User Tutorial¶

Estimated completion time: 15 mins

This section offers a guided tutorial that you can follow along on Biowulf. We have provided a test data set so you can learn how to set-up and run this pipeline.

Please note: To follow along with this tutorial, you must have a Biowulf account.

Quantification and quality-control pipeline¶

This section provides step-by-step instructions for setting up the first pipeline (Quantification and Quality-control pipeline) and a brief description of the pipeline's output files and directories. We assume that you have already successfully launched the GUI. If not, please see Launch Pipeliner.

About the Demo Dataset¶

We have provided a test dataset that you can use to follow along with this tutorial. The raw data for this demo resides in /data/CCBR_Pipeliner/testdata/rnaseq/expression_demo/. This demo dataset consists of 24 paired-end FastQ files for 12 samples, originating from a human cell-line. Libraries were constructed with a poly-A selection library preparation kit. There are three groups each with 4 replicates: Cntrl, TgA, and TgB. The Cntrl samples represent a baseline biological state while TgA and TgB samples represent the same cell-line after the treatment of two drugs: A and B.
Here is a listing of all the samples in the demo dataset:

$ ls /data/CCBR_Pipeliner/testdata/rnaseq/expression_demo/*.fastq.gz
/data/CCBR_Pipeliner/testdata/rnaseq/expression_demo/Cntrl_S62.R1.fastq.gz
/data/CCBR_Pipeliner/testdata/rnaseq/expression_demo/Cntrl_S62.R2.fastq.gz
/data/CCBR_Pipeliner/testdata/rnaseq/expression_demo/Cntrl_S63.R1.fastq.gz
/data/CCBR_Pipeliner/testdata/rnaseq/expression_demo/Cntrl_S63.R2.fastq.gz
/data/CCBR_Pipeliner/testdata/rnaseq/expression_demo/Cntrl_S64.R1.fastq.gz
/data/CCBR_Pipeliner/testdata/rnaseq/expression_demo/Cntrl_S64.R2.fastq.gz
/data/CCBR_Pipeliner/testdata/rnaseq/expression_demo/Cntrl_S65.R1.fastq.gz
/data/CCBR_Pipeliner/testdata/rnaseq/expression_demo/Cntrl_S65.R2.fastq.gz
/data/CCBR_Pipeliner/testdata/rnaseq/expression_demo/TreatmentA_S66.R1.fastq.gz
/data/CCBR_Pipeliner/testdata/rnaseq/expression_demo/TreatmentA_S66.R2.fastq.gz
/data/CCBR_Pipeliner/testdata/rnaseq/expression_demo/TreatmentA_S67.R1.fastq.gz
/data/CCBR_Pipeliner/testdata/rnaseq/expression_demo/TreatmentA_S67.R2.fastq.gz
/data/CCBR_Pipeliner/testdata/rnaseq/expression_demo/TreatmentA_S68.R1.fastq.gz
/data/CCBR_Pipeliner/testdata/rnaseq/expression_demo/TreatmentA_S68.R2.fastq.gz
/data/CCBR_Pipeliner/testdata/rnaseq/expression_demo/TreatmentA_S69.R1.fastq.gz
/data/CCBR_Pipeliner/testdata/rnaseq/expression_demo/TreatmentA_S69.R2.fastq.gz
/data/CCBR_Pipeliner/testdata/rnaseq/expression_demo/TreatmentB_S70.R1.fastq.gz
/data/CCBR_Pipeliner/testdata/rnaseq/expression_demo/TreatmentB_S70.R2.fastq.gz
/data/CCBR_Pipeliner/testdata/rnaseq/expression_demo/TreatmentB_S71.R1.fastq.gz
/data/CCBR_Pipeliner/testdata/rnaseq/expression_demo/TreatmentB_S71.R2.fastq.gz
/data/CCBR_Pipeliner/testdata/rnaseq/expression_demo/TreatmentB_S72.R1.fastq.gz
/data/CCBR_Pipeliner/testdata/rnaseq/expression_demo/TreatmentB_S72.R2.fastq.gz
/data/CCBR_Pipeliner/testdata/rnaseq/expression_demo/TreatmentB_S73.R1.fastq.gz
/data/CCBR_Pipeliner/testdata/rnaseq/expression_demo/TreatmentB_S73.R2.fastq.gz

Please Note: that "R1" and "R2" do not represent the replicate number. They denote forward and reverse reads, respectively.

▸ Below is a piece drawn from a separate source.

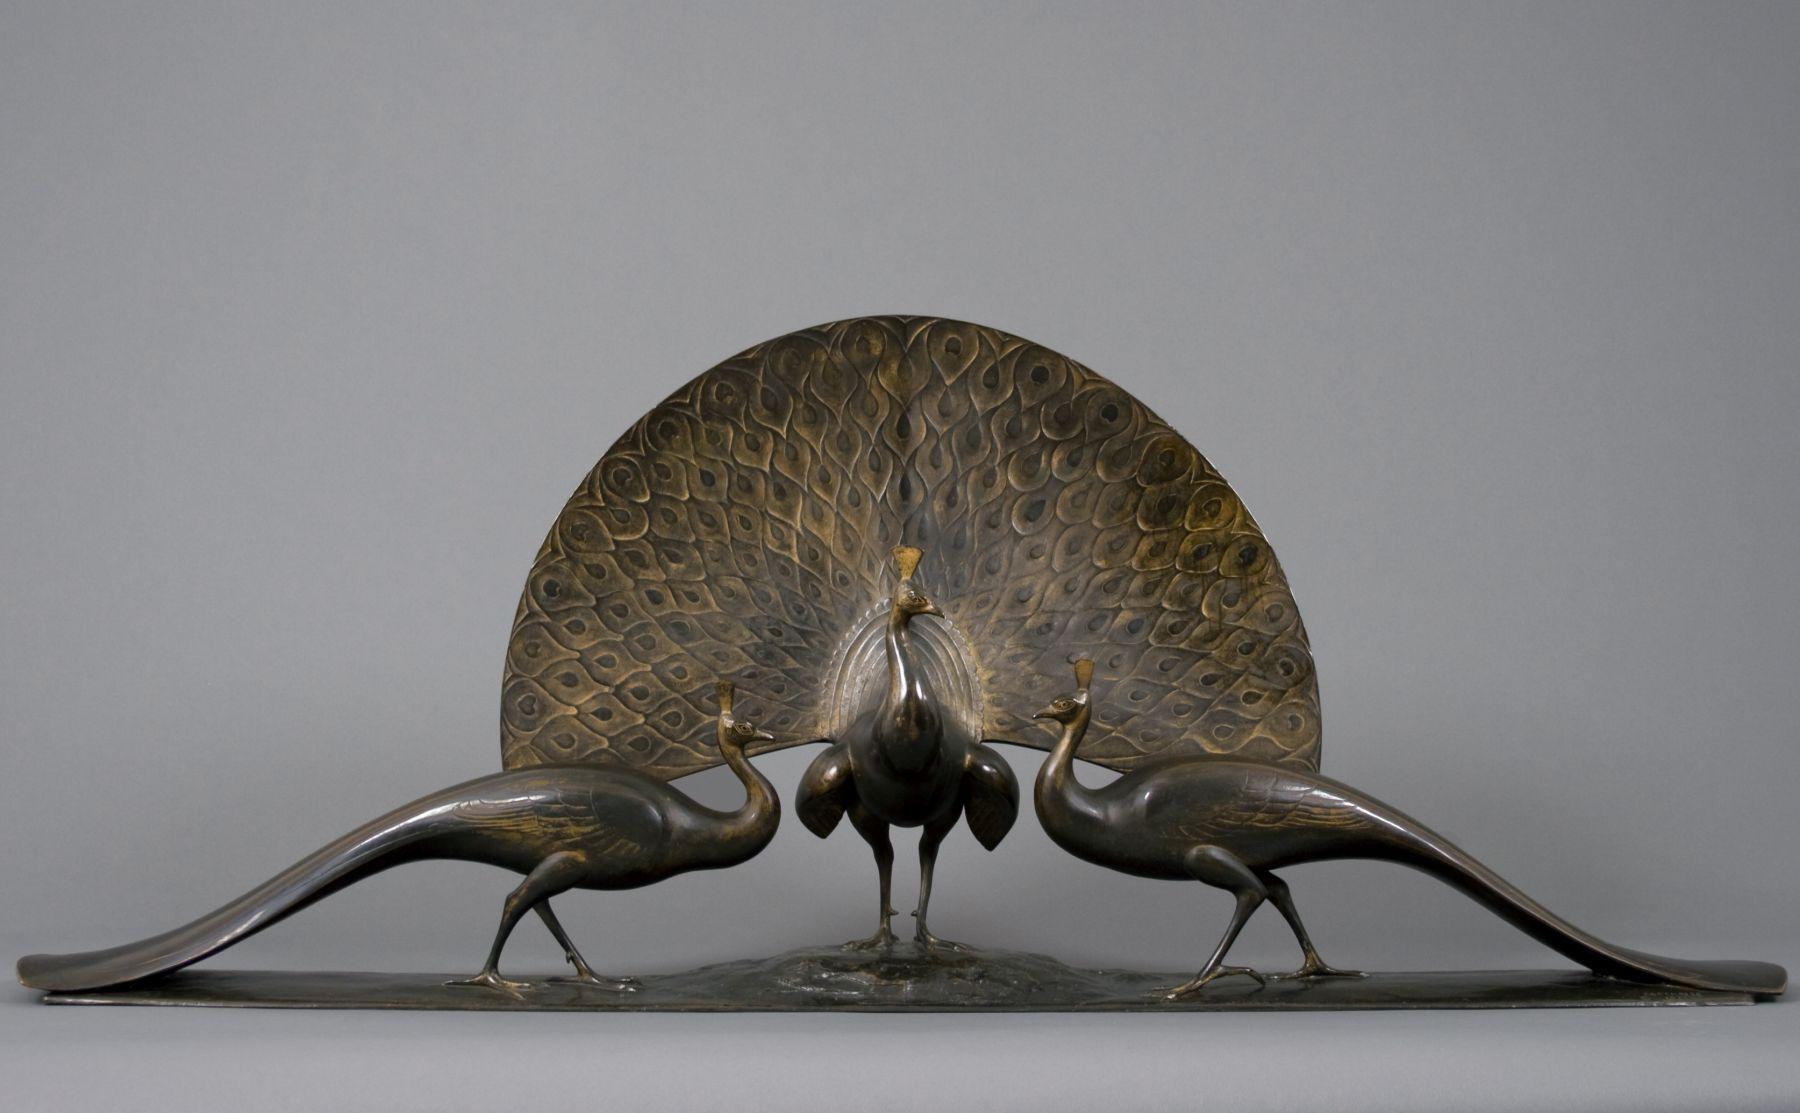 Gaston Lachaise, Peacocks, 1922, bronze, 22 1/2 x 53 x 7 1/2 inches

Pipeliner expects input files to follow a specific naming convention: <sampleName>.R1.fastq.gz, <sampleName>.R2.fastq.gz. FastQ files should end with the following extensions: .R1.fastq.gz and .R2.fastq.gz. Within <sampleName>, there are additional conventions you must follow. Please carefully read through all the rules for creating filenames.

Before you can run the expression pipeline, there are a few key pieces of information that must be provided.

Step 0. Fill out the `Project Information` section¶

This section contains three fields: Project Id, Email address, Flow Cell ID. For this demo, you can set Project Id to project. This will be the name of the pipeline's master job. Please enter your email address in the Email address field.

Step 1. Select the correct Pipeline Family¶

Please select rnaseq from the pipeline family drop-down menu.

Please note: The scrnaseq option is for single-cell data. This tutorial and pipeline are for bulk RNA-seq. To run the single-cell RNA-seq pipeline, please see its documentation.

Step 2. Select the Reference Genome¶

As mentioned above, these samples originate from a human cell-line. Please select hg38 from the Genome drop-down menu.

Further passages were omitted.